Au pied des tours de Malakoff construites il y a près de soixante ans, la pataugeoire du square de Chypre a réuni ce mercredi les familles du quartier et Laurent Hottiaux, nouveau préfet de Loire-Atlantique, venu constater sur place l’action de l’État dans ce quartier prioritaire.
Nous sommes début août, au bas des tours, c’est fête. Des barnums sont installés sur la pelouse qui borde la pataugeoire, ateliers peinture et dessin sous la toile. Les mômes rient, courent, s’aspergent, s’escriment à coups de frites en mousse de toutes les couleurs. Il fait soleil.
Les mamans sont là en nombre, assises à l’ombre
Sur un banc, un homme jeune accompagne son fils de cinq ans. Un papa solo, c’est assez rare. Deux agents de médiation sont attentifs, bienveillants, au milieu des enfants, des rires, des cris. Le surveillant de baignade surplombe la volée de gamins, son fusil à eau en bandoulière. Plus loin, sous une tente Dalo, une scène et des musiciens se préparent, car aujourd’hui à Malakoff, c’est fête.
À Malakoff, ces tours qui dominent la pelouse ont poussé dans entre 1967 et 1971, avec un ensemble de cinq barres et onze tours qui structure encore aujourd’hui le quartier. Près de soixante ans plus tard, c’est au pied de ces mêmes immeubles que se joue, ce mercredi, une tout autre scène, celle d’un après-midi de fête pour les enfants du quartier.
C’est dans ce décor que le nouveau préfet de la région Pays de la Loire et préfet de la Loire-Atlantique, Laurent Hottiaux, s’est rendu ce 5 août en fin d’après-midi, square de Chypre.
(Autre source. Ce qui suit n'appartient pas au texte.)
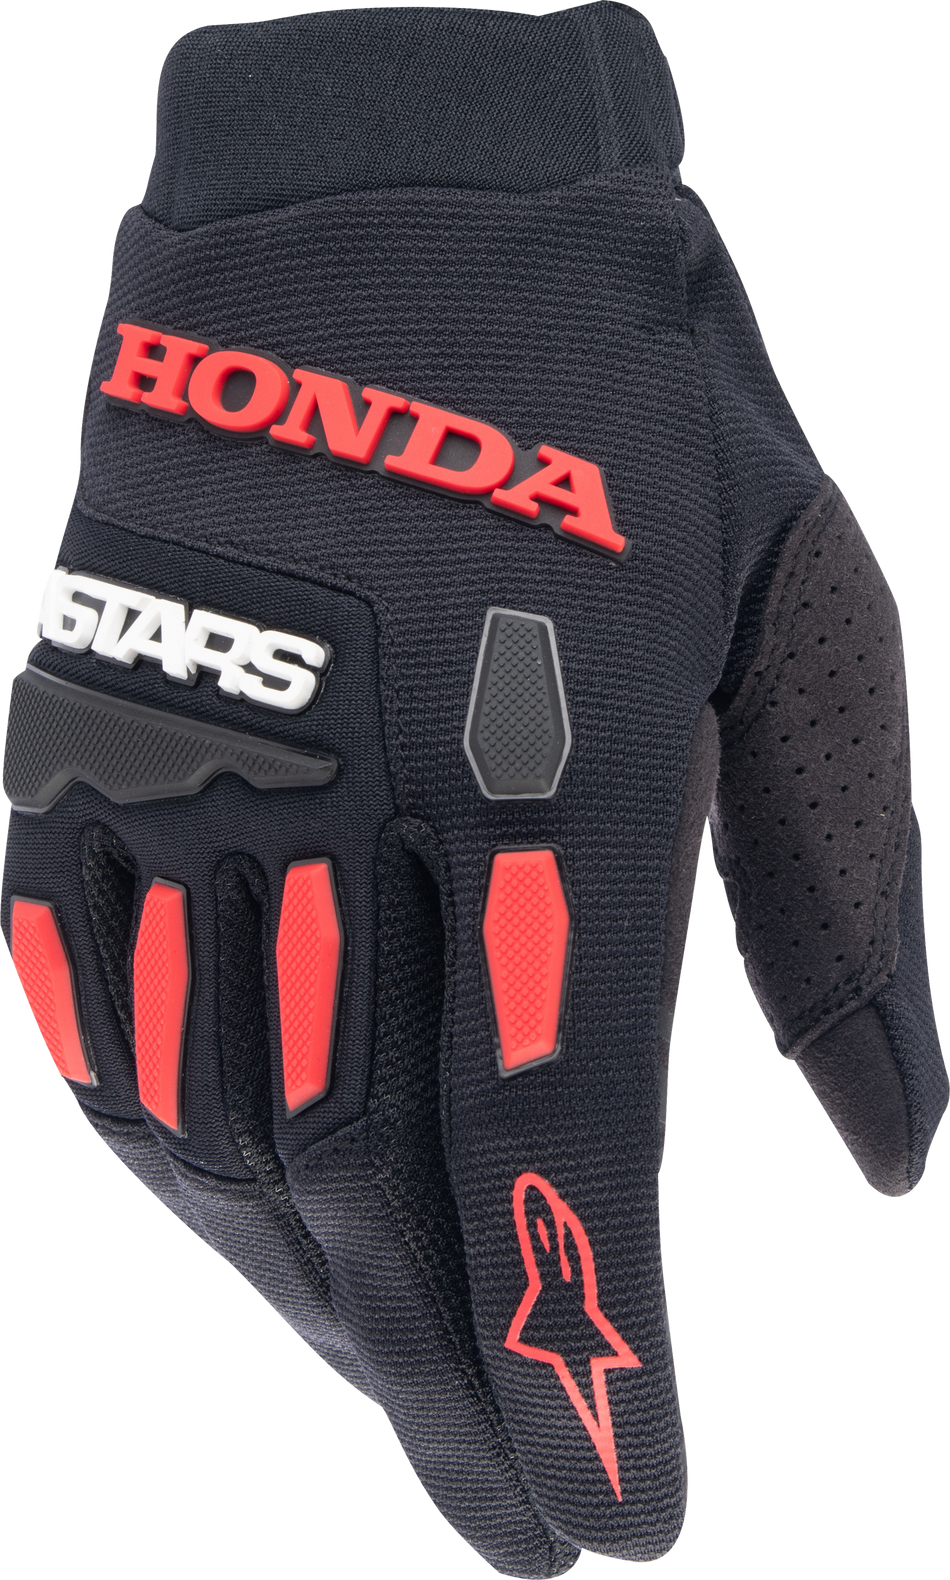 ALPINESTARS Honda Full Bore Gloves Black/Bright Red Lg 3563823-1303-L

Une visite pour rencontrer les familles, les associations et constater sur place les actions engagées par les services de l’État dans ce quartier prioritaire de la ville (QPV).
Tom Follet, sous-préfet en charge de la Ville et de la cohésion sociale, l’accompagne.
Quartiers d’été
Cette action précise s’inscrit dans le dispositif national Quartiers d’été, piloté par l’Agence nationale de la cohésion des territoires, qui propose duant deux mois, aux familles qui ne peuvent pas partir en vacances, des activités culturelles, sportives et de loisirs aux habitants des quartiers prioritaires.
Depuis le 22 juillet et jusqu’au 8 août, six pataugeoires sur les dix-huit que comptent la ville de Nantes sont animées, dont cinq situées en quartier prioritaire, avec le soutien de partenaires associatifs et institutionnels, dans le cadre du contrat de ville métropolitain 2024-2030.
Malakoff fait partie des 19 quartiers prioritaires de la politique de la ville recensés en Loire-Atlantique.
L’action de l’État dans les quartiers
Interrogé sur le soutien de l’État aux quartiers prioritaires, Laurent Hottiaux a tenu à replacer l’action de la préfecture au-delà du seul volet sécuritaire. « Il ne s’agit évidemment pas d’opposer » lutte contre le narcotrafic et soutien à la prévention, a-t-il insisté, les deux étant à ses yeux également essentiels.
Le préfet a rappelé l’ampleur du programme de rénovation urbaine mené sur Malakoff, avec trois phases successives jusqu’en 2025 et un engagement de près de 255 millions d’euros. Il a également évoqué le soutien apporté aux médiateurs et adultes relais, deux d’entre eux étant affectés au quartier, ainsi qu’à l’éducation artistique et culturelle, à l’accès à la lecture, à la musique et au sport.
Nantes Métropole, Saint-Nazaire et Châteaubriant
Sur le financement propre à la politique de la ville, Laurent Hottiaux a précisé que l’État consacre 3 millions d’euros par an à l’ensemble des trois contrats de ville de Loire-Atlantique, à Nantes Métropole, Saint-Nazaire et Châteaubriant, en dehors des crédits de la CAF ou de l’Agence régionale de santé. Pour lui, cette politique vise aussi à déconstruire une image, celle de quartiers privés de dynamisme, alors que s’y exprime la même aspiration à accéder aux services publics, à l’éducation et à la culture.
Et puis, ce mercredi après-midi, c’est bien le même soleil qui inonde les plages de Rio, de La Baule, et la pelouse du square de Chypre, au bord du bleu azur de la pataugeoire, les enfants de Malakoff ont eu, eux aussi, leur content de rires et d’éclaboussures.